→ **Work instruction**
To complete this task, print all the data below exactly but leave out the images.

→ **Information supplied**
BEGIN
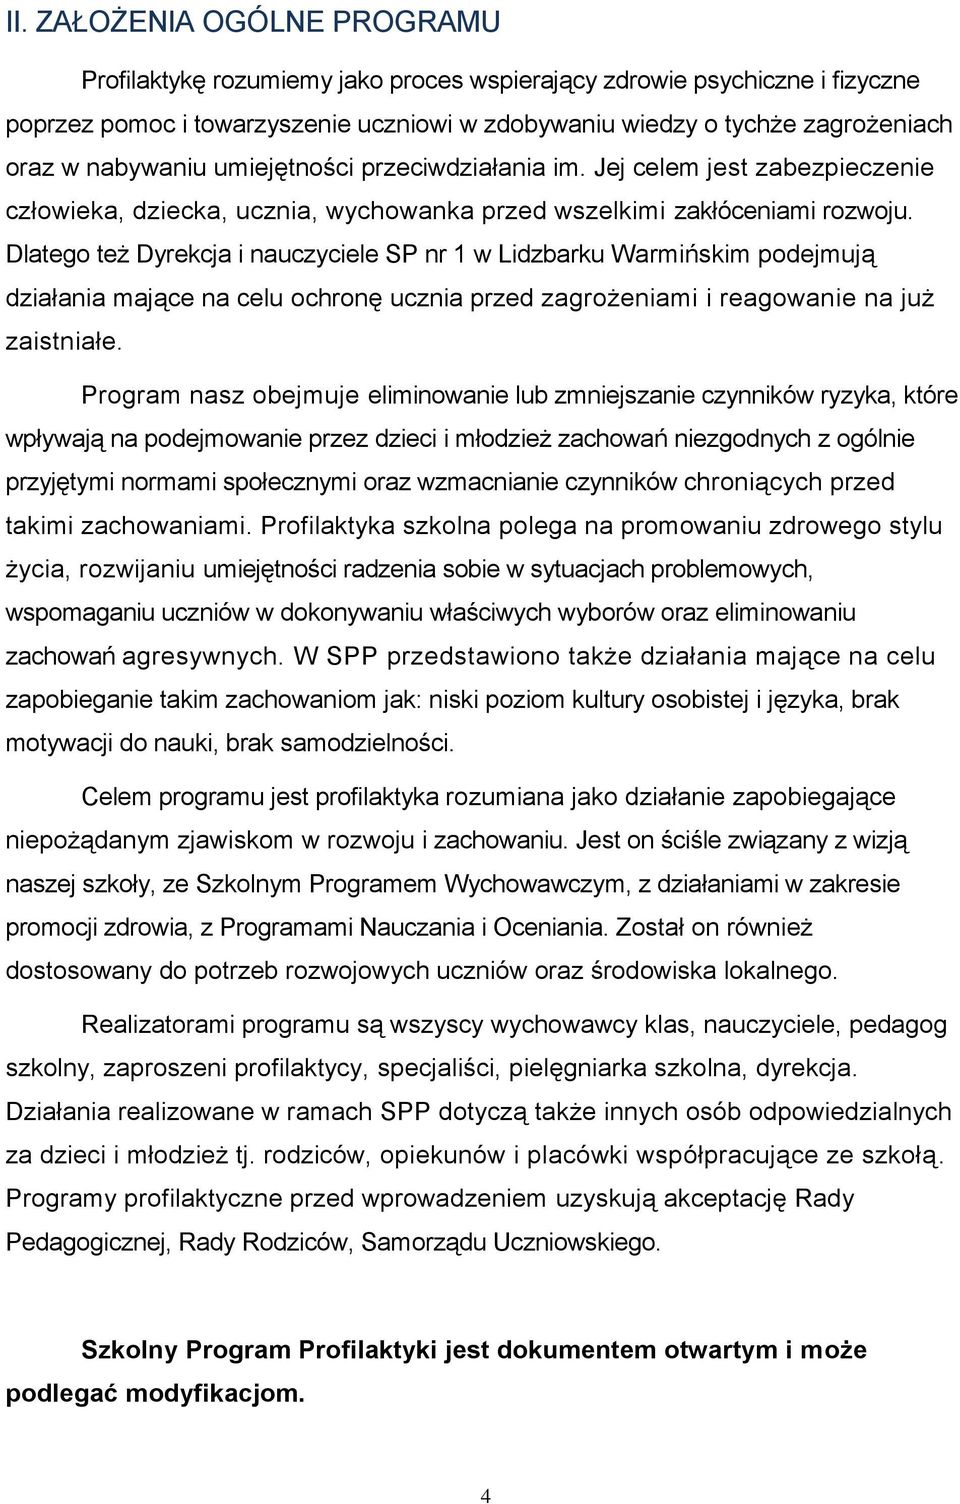 Dlatego też Dyrekcja i nauczyciele SP nr 1 w Lidzbarku Warmińskim podejmują działania mające na celu ochronę ucznia przed zagrożeniami i reagowanie na już zaistniałe.
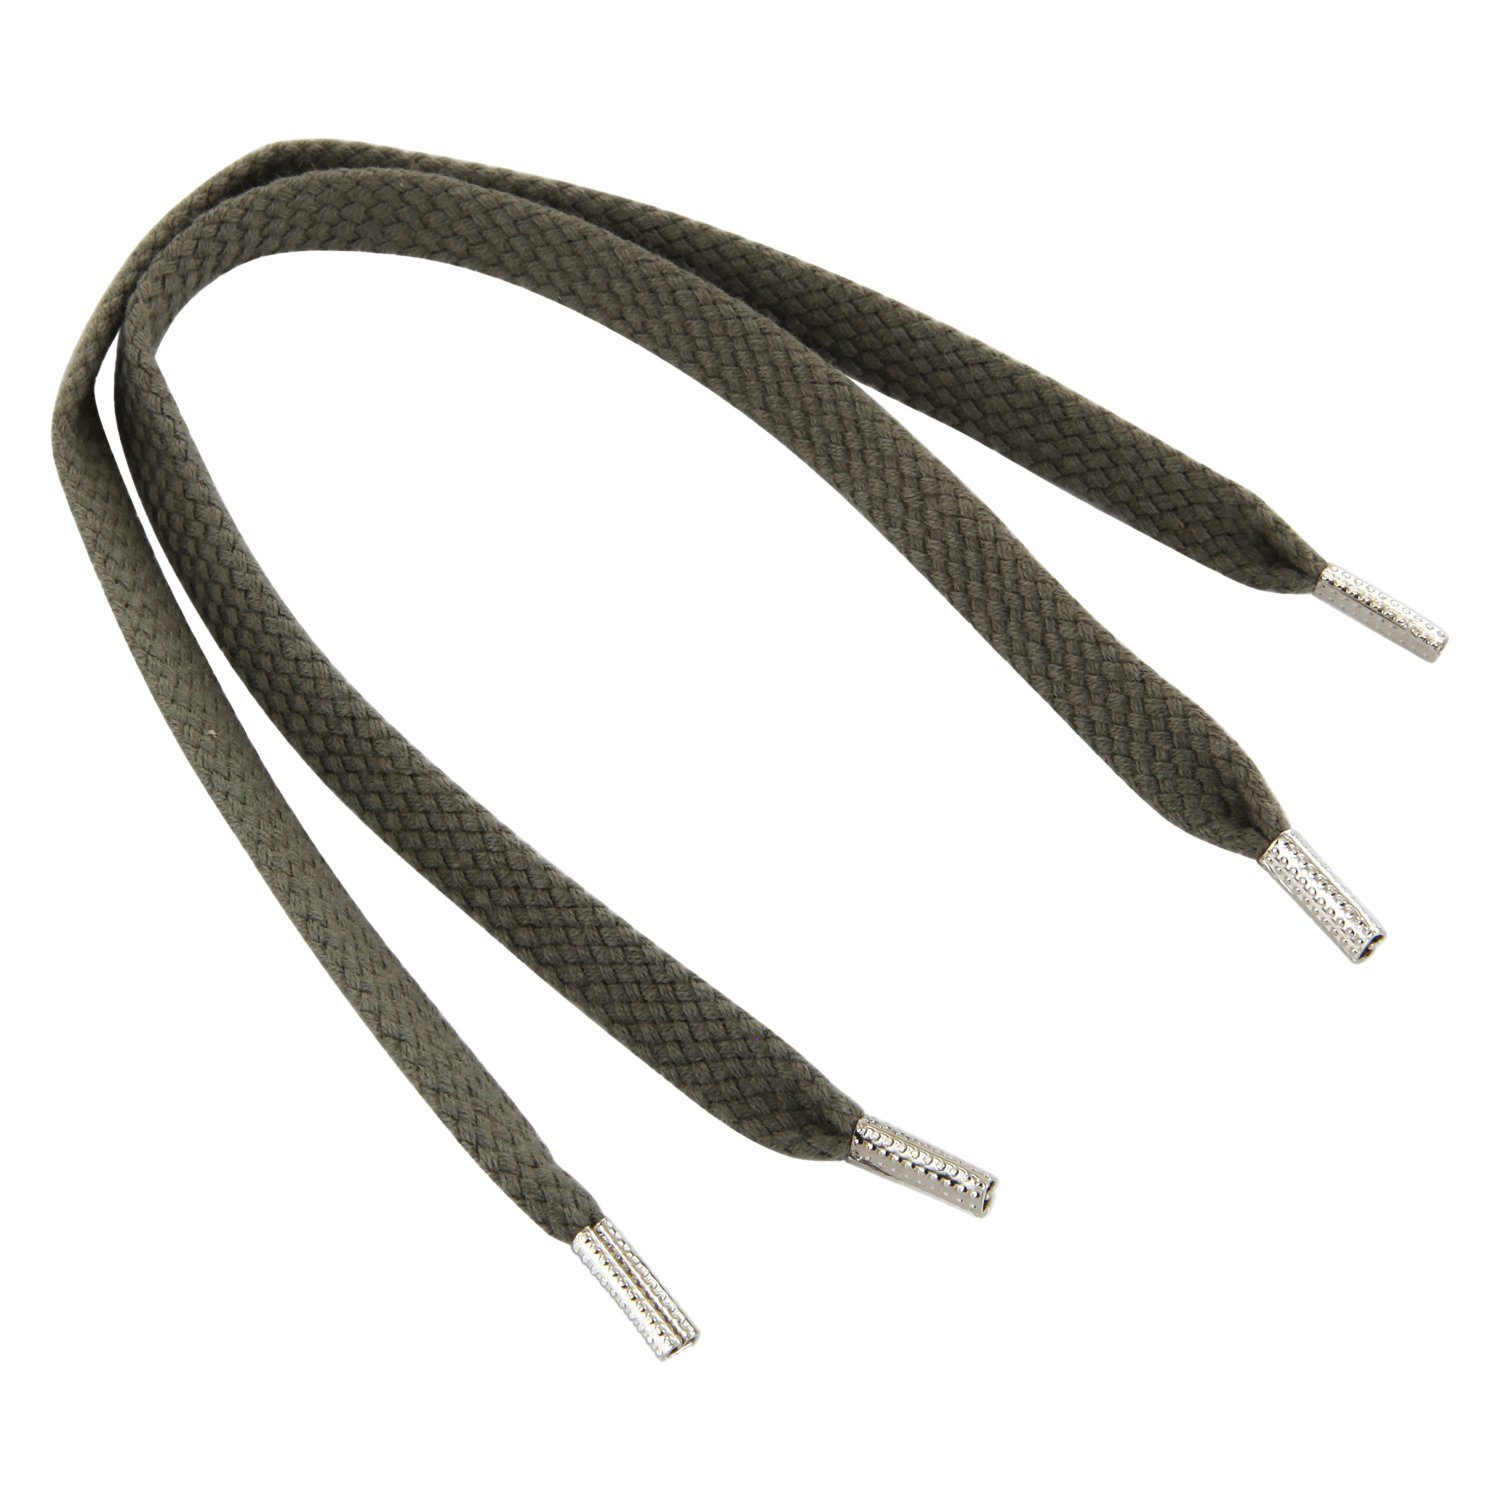 Rema Schnürsenkel Rema Schnürsenkel Mittelgrau - flach - ca. 6-7 mm breit für Sie nach Wunschlänge geschnitten und mit Metallenden versehen
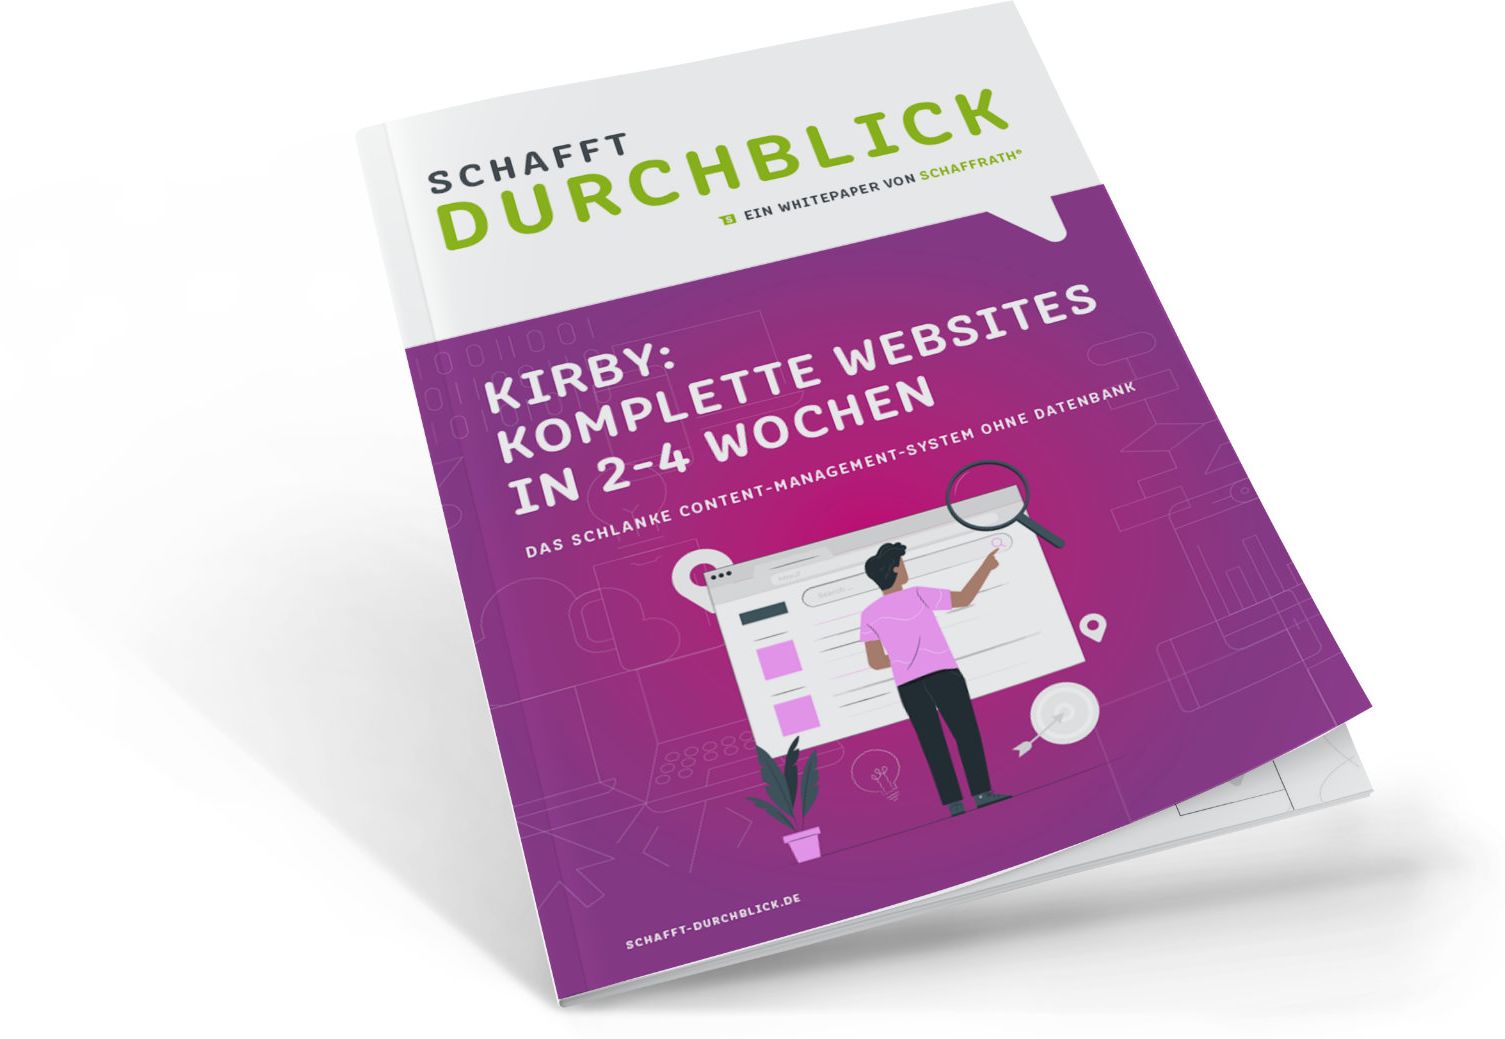 Kirby-Whitepaper: Komplette Websites in 2-4 Wochen. Das schlanke Content-Management-System ohne Datenbank.
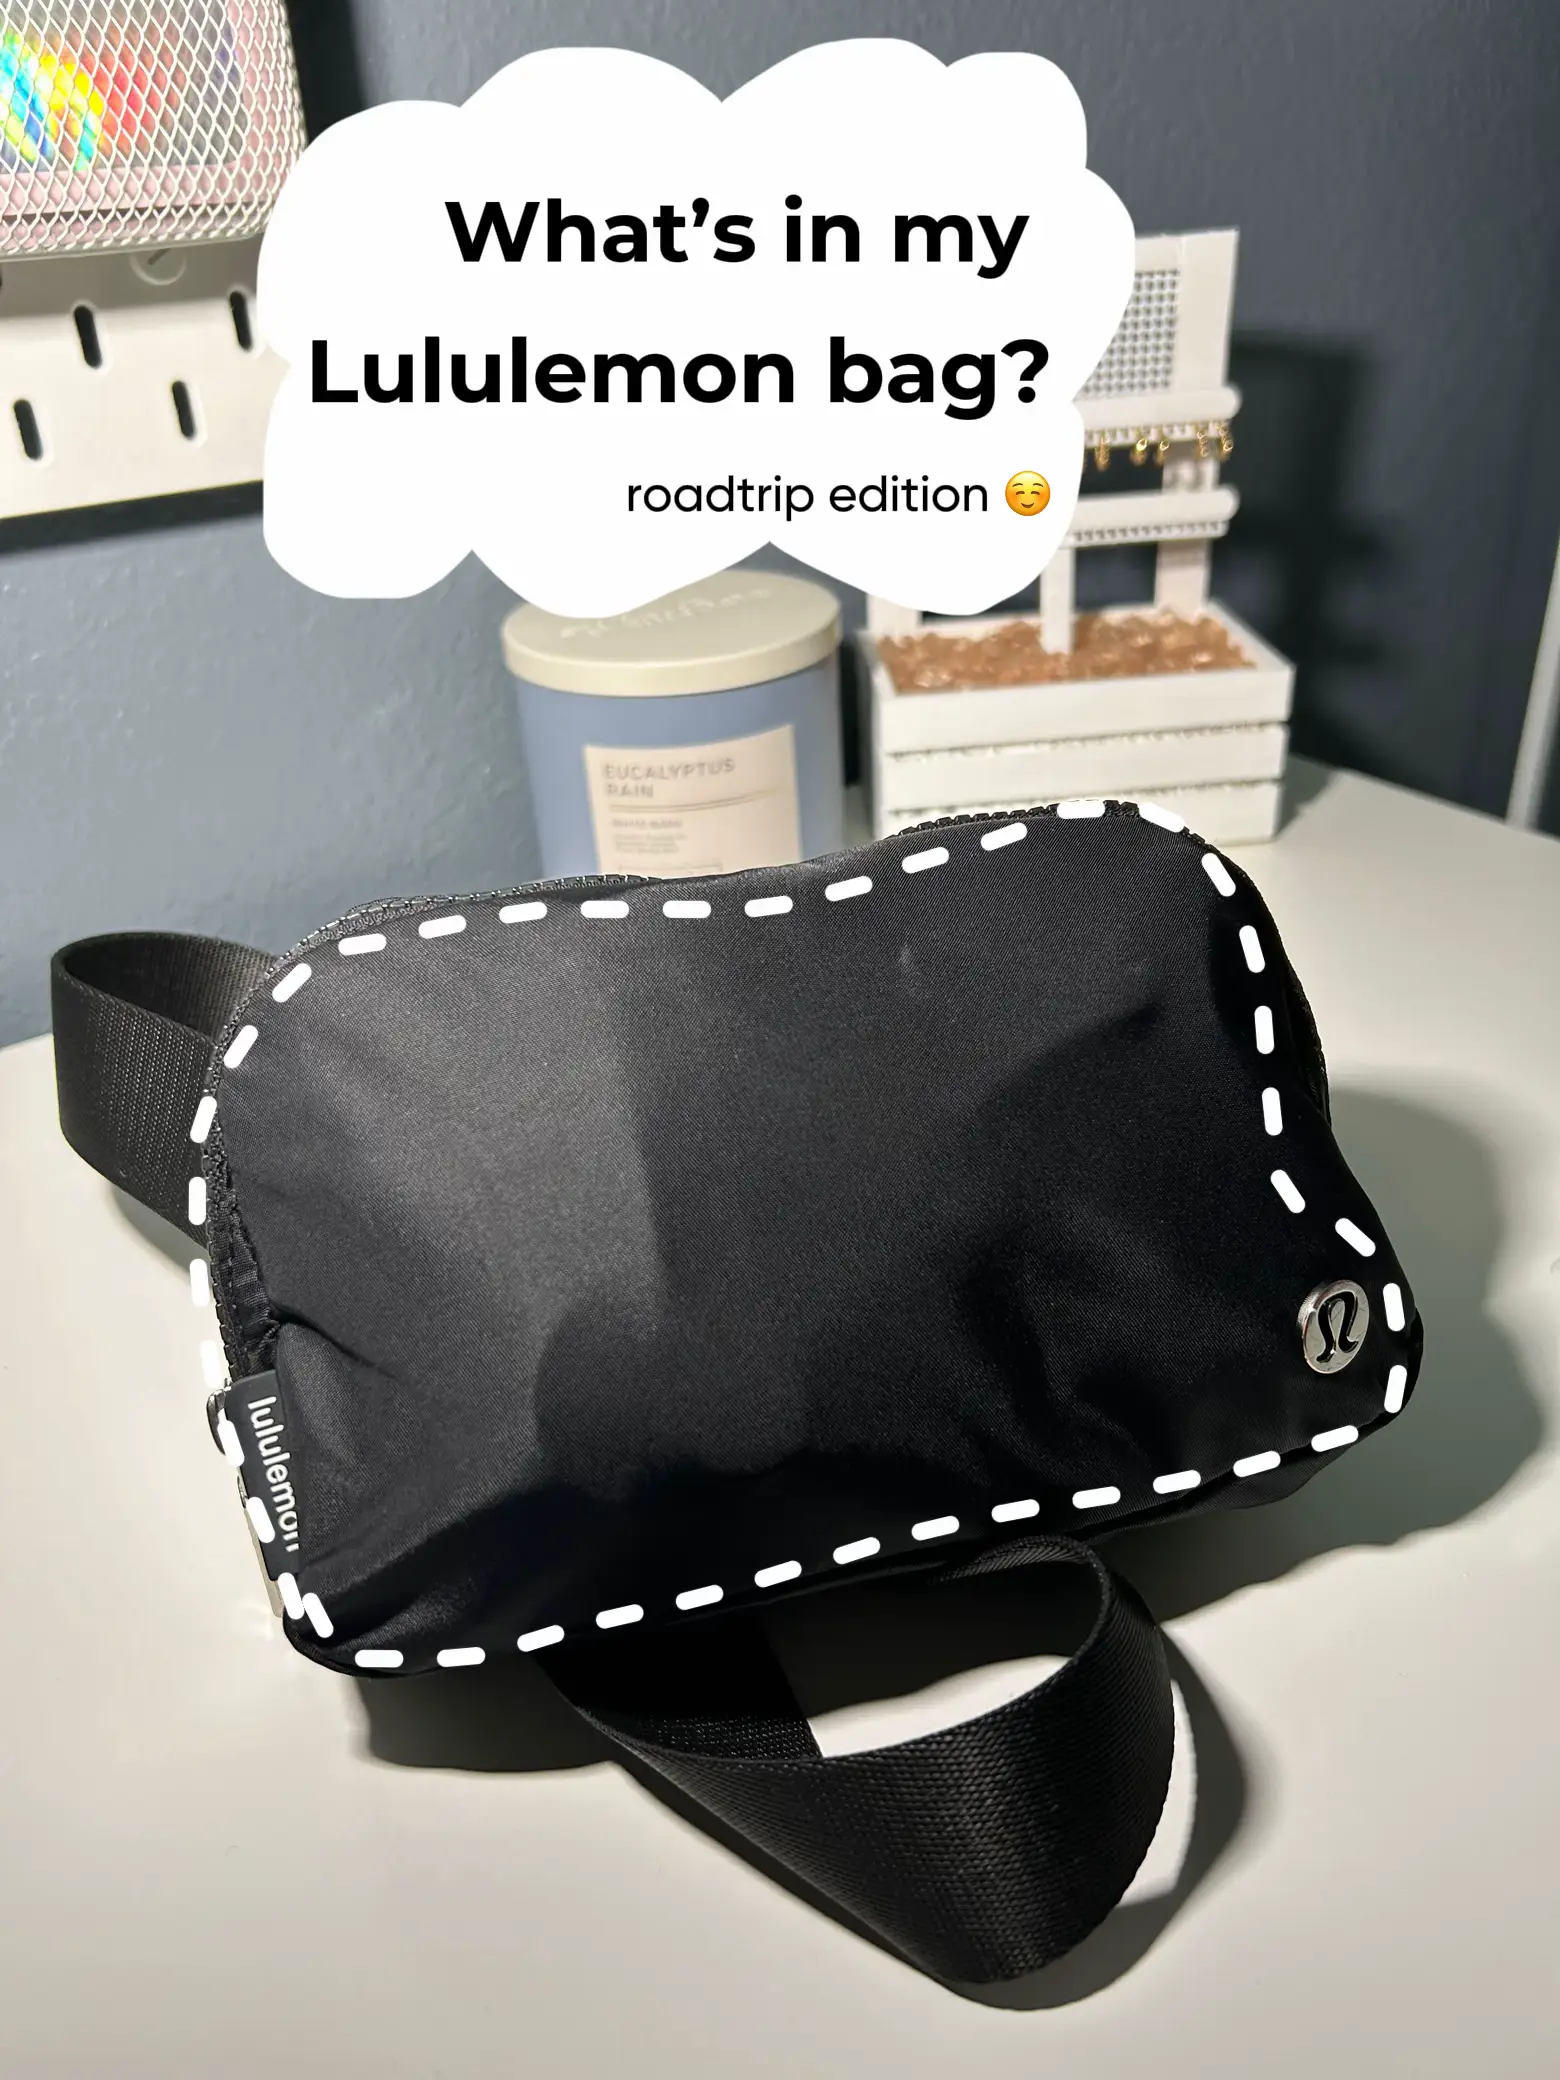 So excited for my new lunch bag y'all! #lululemon#lululemonbeltbag#bel
END
→ **Response**
 Dlatego też Dyrekcja i nauczyciele SP nr 1 w Lidzbarku Warmińskim podejmują działania mające na celu ochronę ucznia przed zagrożeniami i reagowanie na już zaistniałe.
 Rema Schnürsenkel Rema Schnürsenkel Mittelgrau - flach - ca. 6-7 mm breit für Sie nach Wunschlänge geschnitten und mit Metallenden versehen
 Kirby-Whitepaper: Komplette Websites in 2-4 Wochen. Das schlanke Content-Management-System ohne Datenbank.
 So excited for my new lunch bag y'all! #lululemon#lululemonbeltbag#bel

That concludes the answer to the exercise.